Brief:
Set down each entry exactly as given; pictures should not appear in the copy.
"""
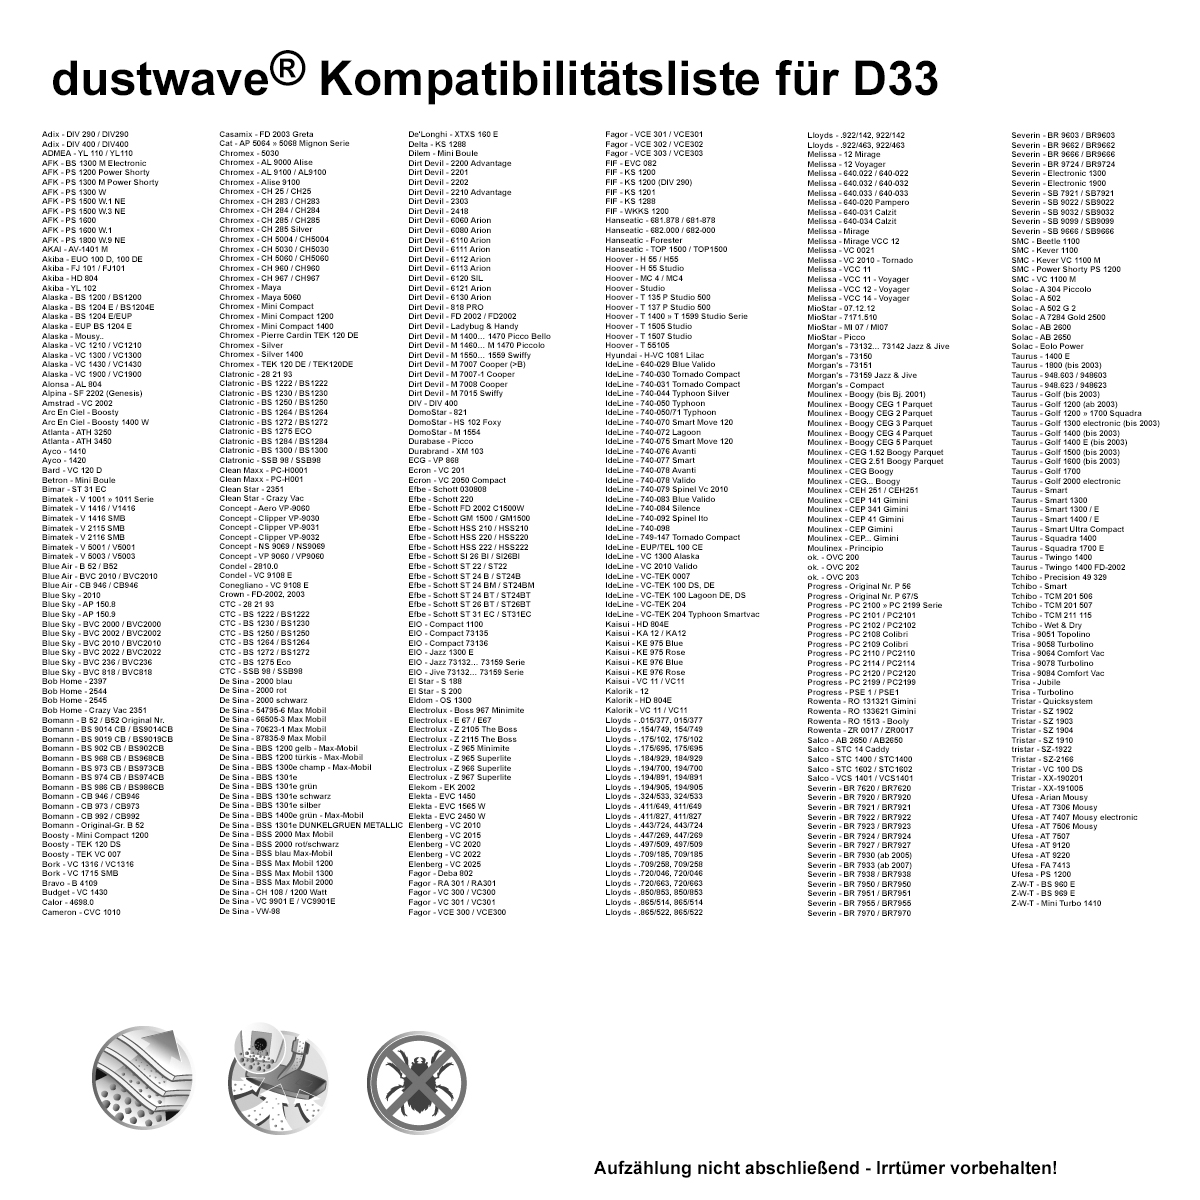 Dustwave® 10 Staubsaugerbeutel für Akiba FJ 101 / FJ101 - hocheffizient mit Hygieneverschluss - Made in Germany
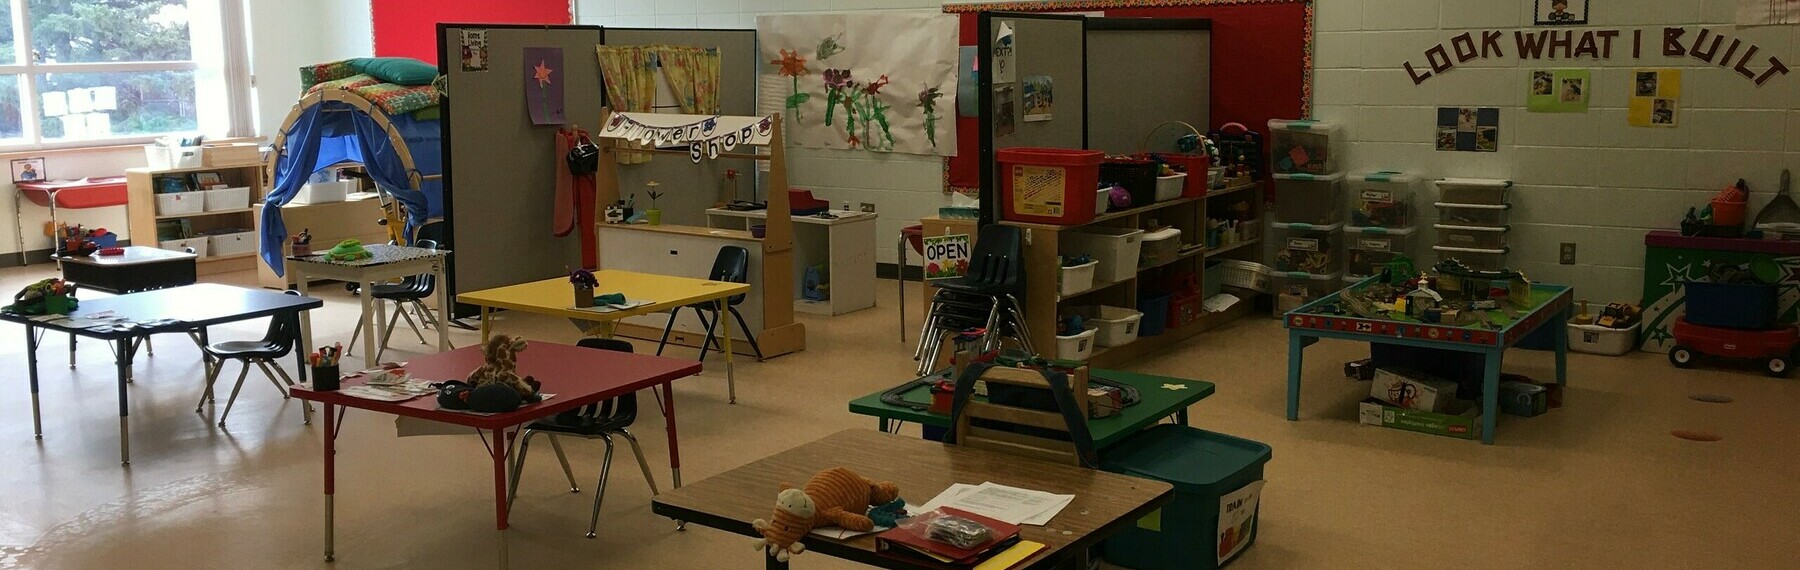 Our Pre-Kindergarten room
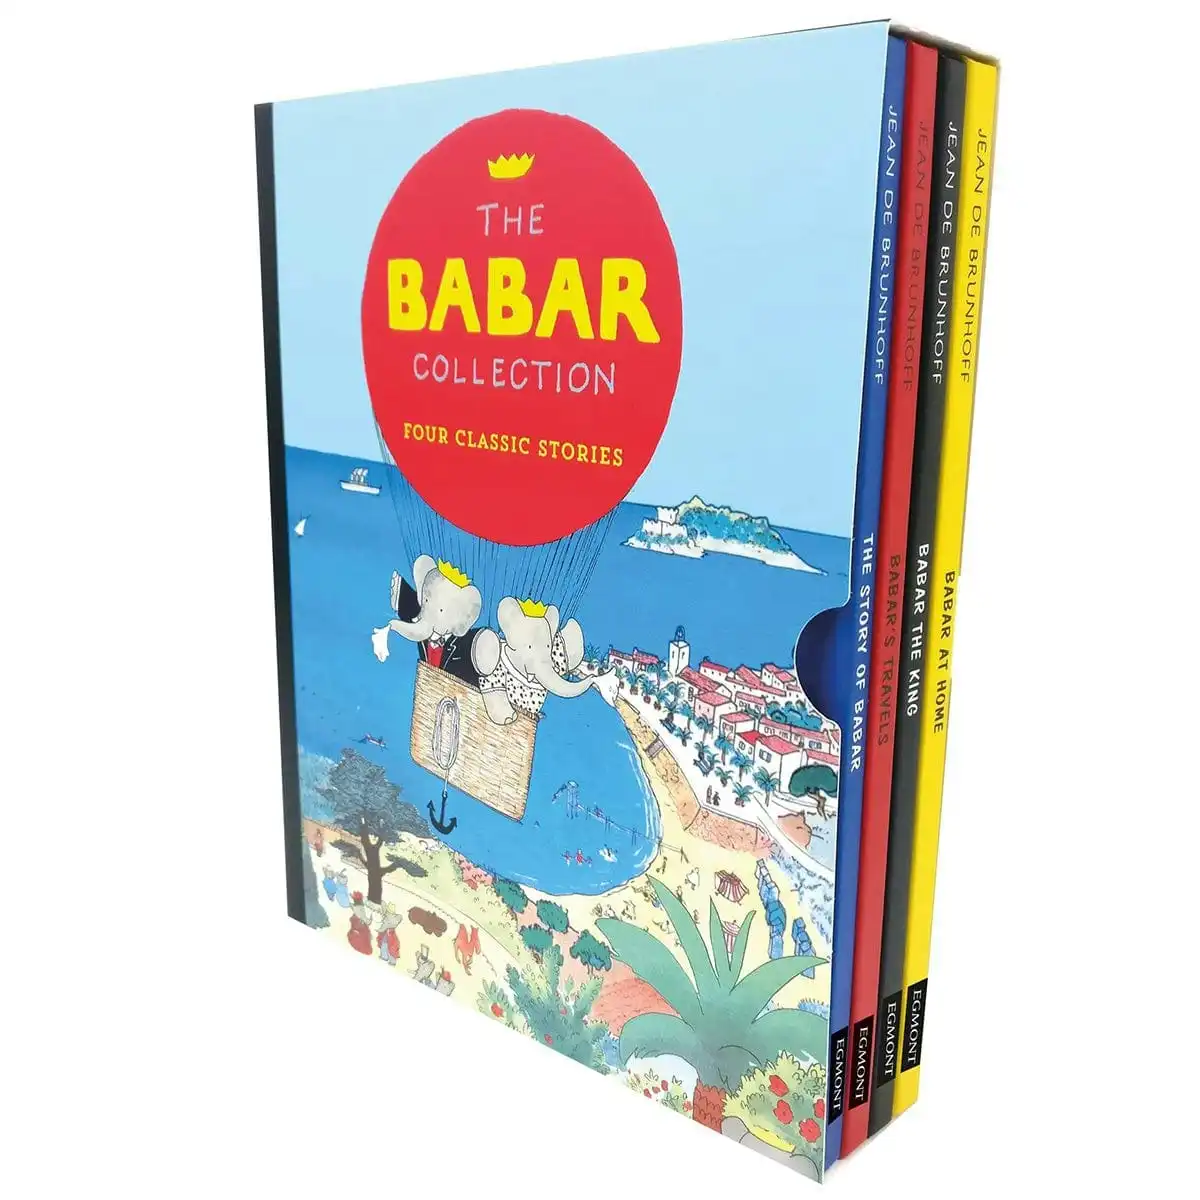 Barbar Slipcase - 4 Copy Box Set
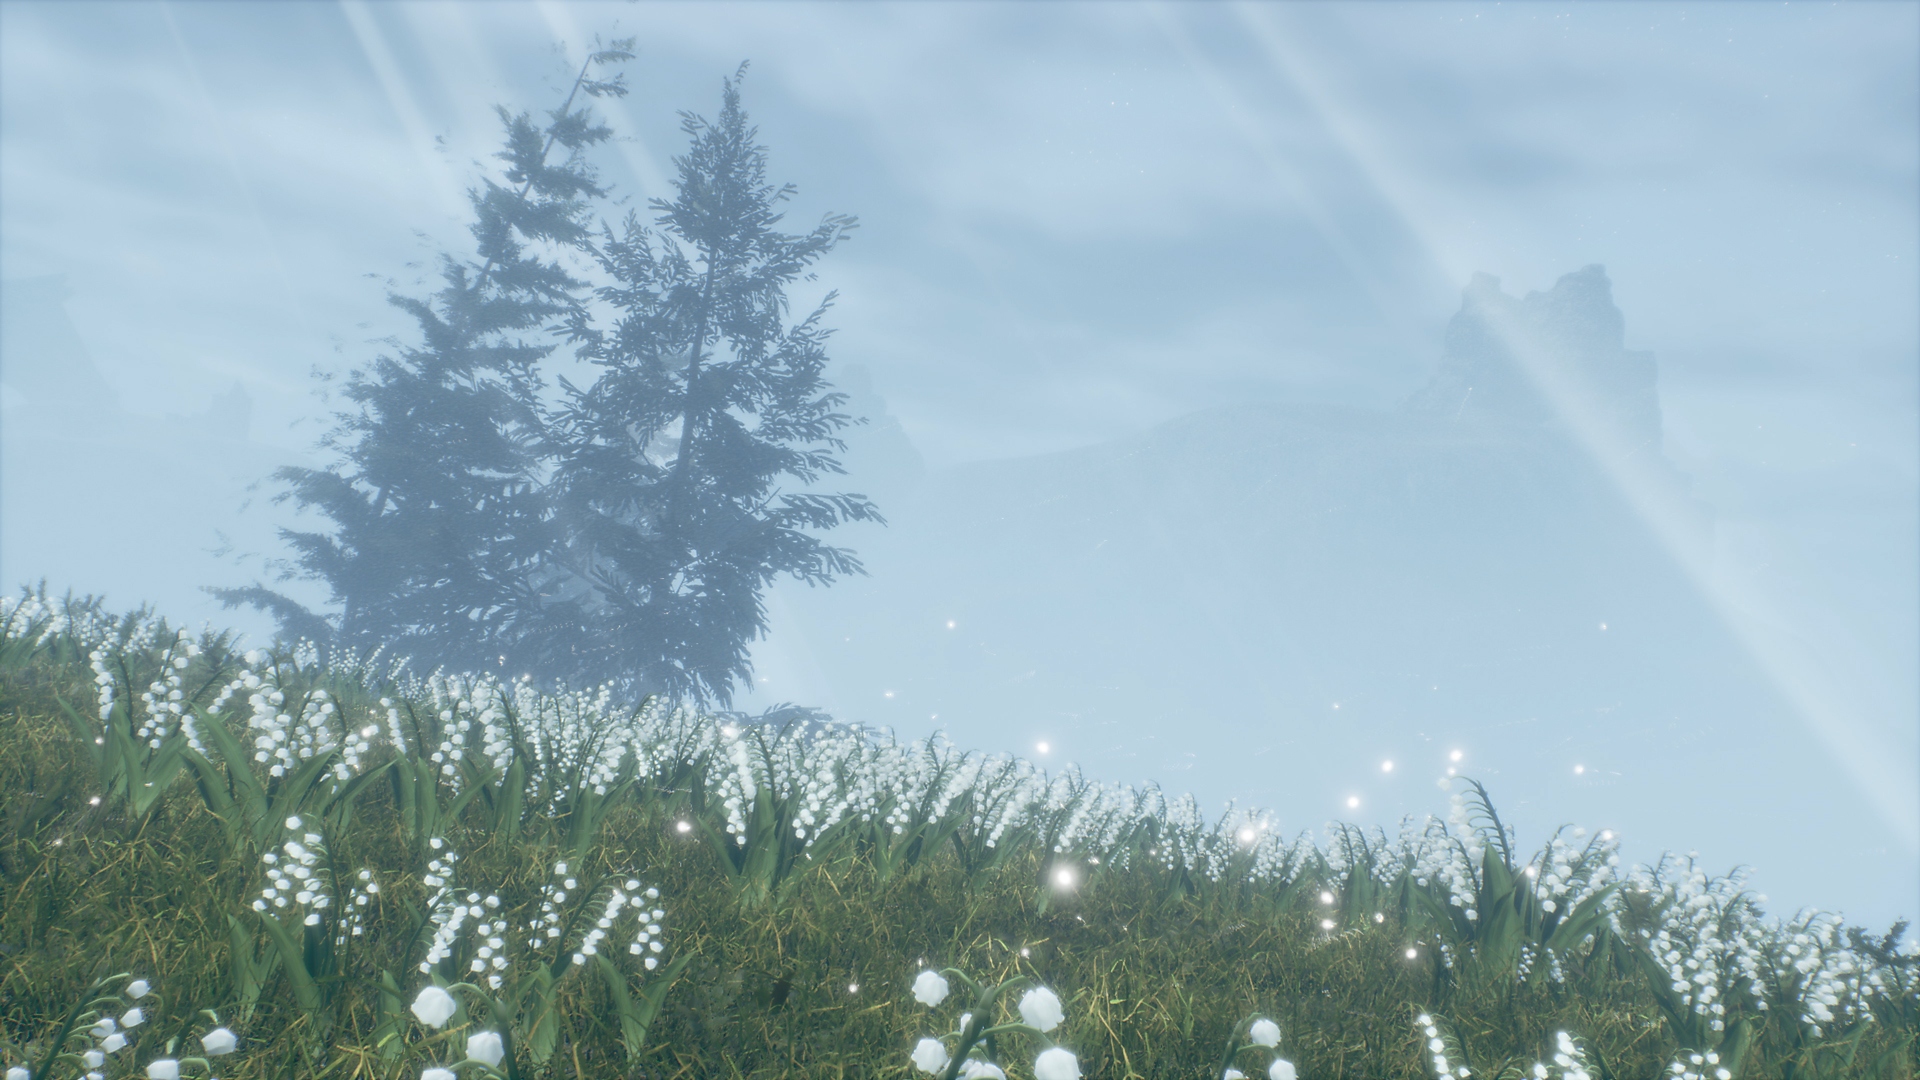 Valkyrie Elysium – kuvakaappaus kahdesta puusta ruohikkoisella alueella
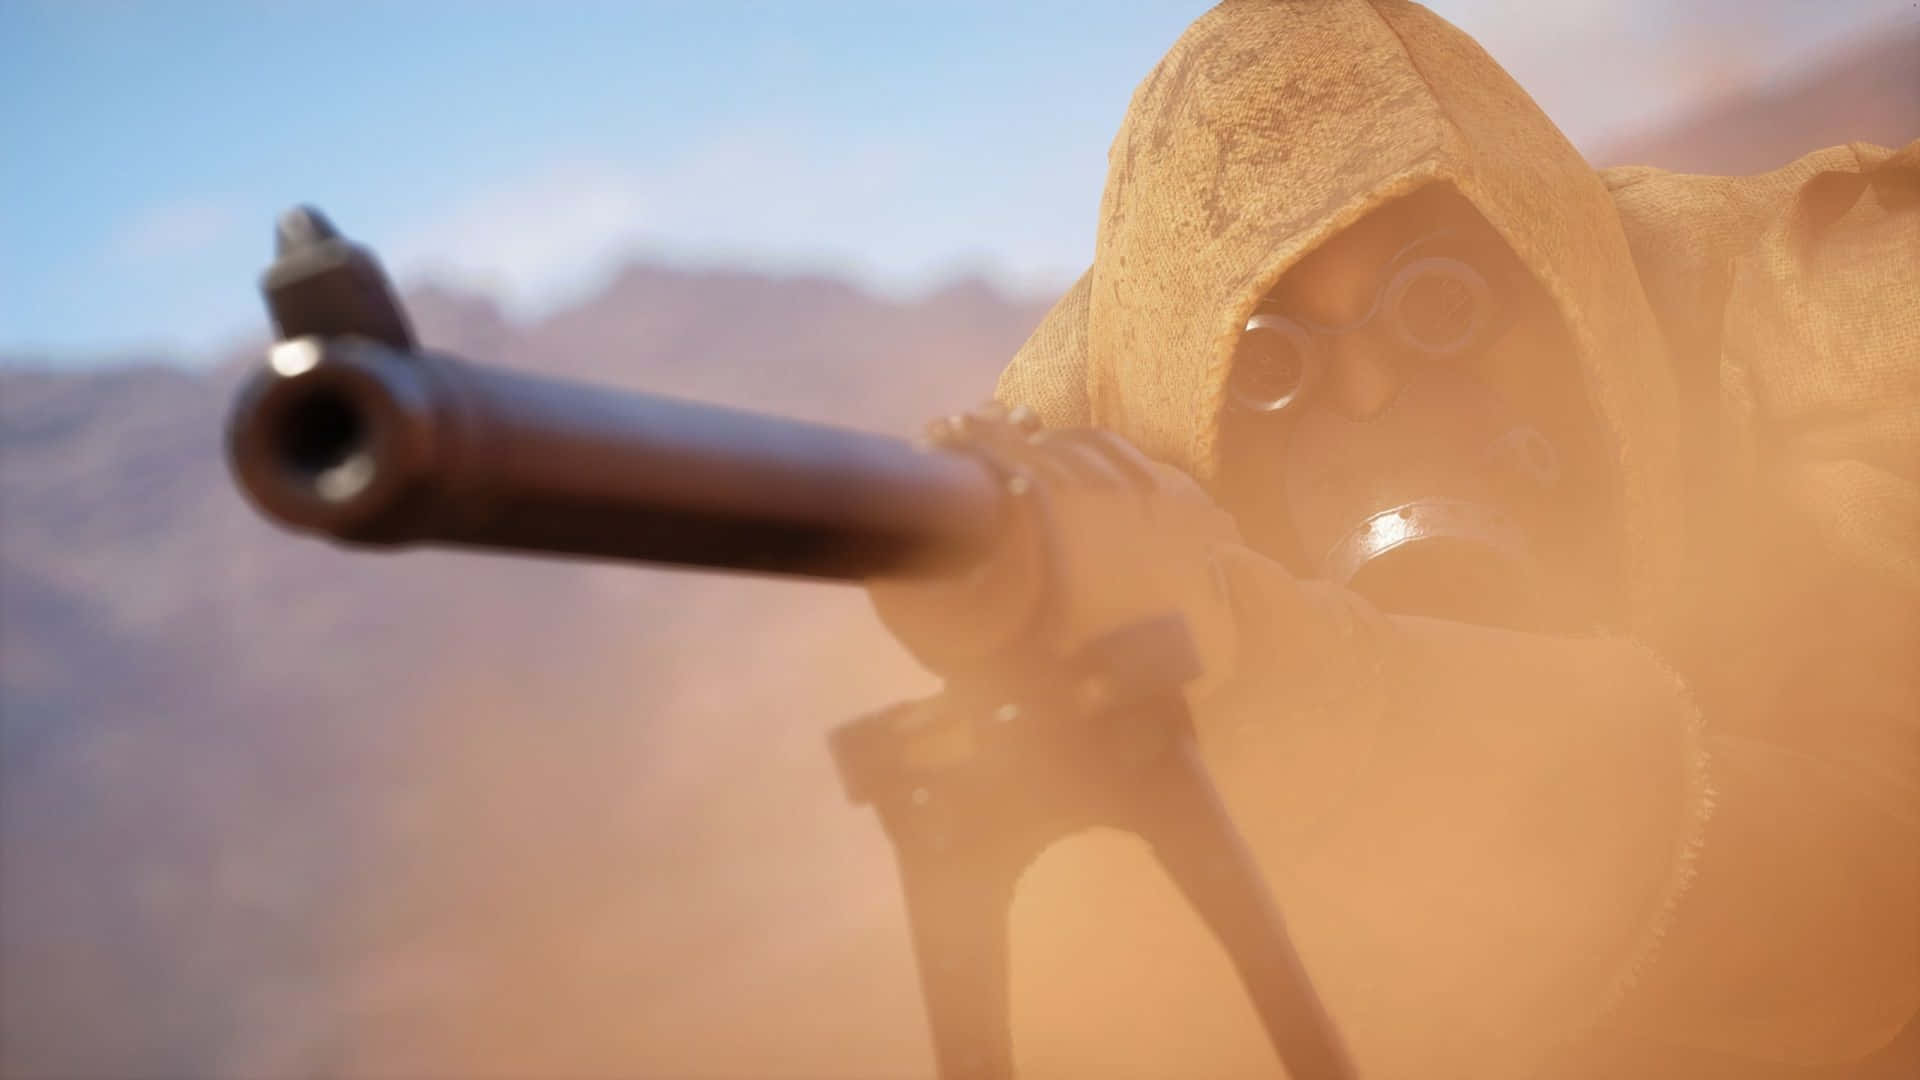 Fondode Pantalla De Francotirador En El Desierto De Battlefield 1 En Resolución 1440p.
"""
Answer:
 Dustwave® 10 Staubsaugerbeutel für Akiba FJ 101 / FJ101 - hocheffizient mit Hygieneverschluss - Made in Germany
 Our Pre-Kindergarten room
 Barbar Slipcase - 4 Copy Box Set
 Valkyrie Elysium – kuvakaappaus kahdesta puusta ruohikkoisella alueella
 Fondode Pantalla De Francotirador En El Desierto De Battlefield 1 En Resolución 1440p.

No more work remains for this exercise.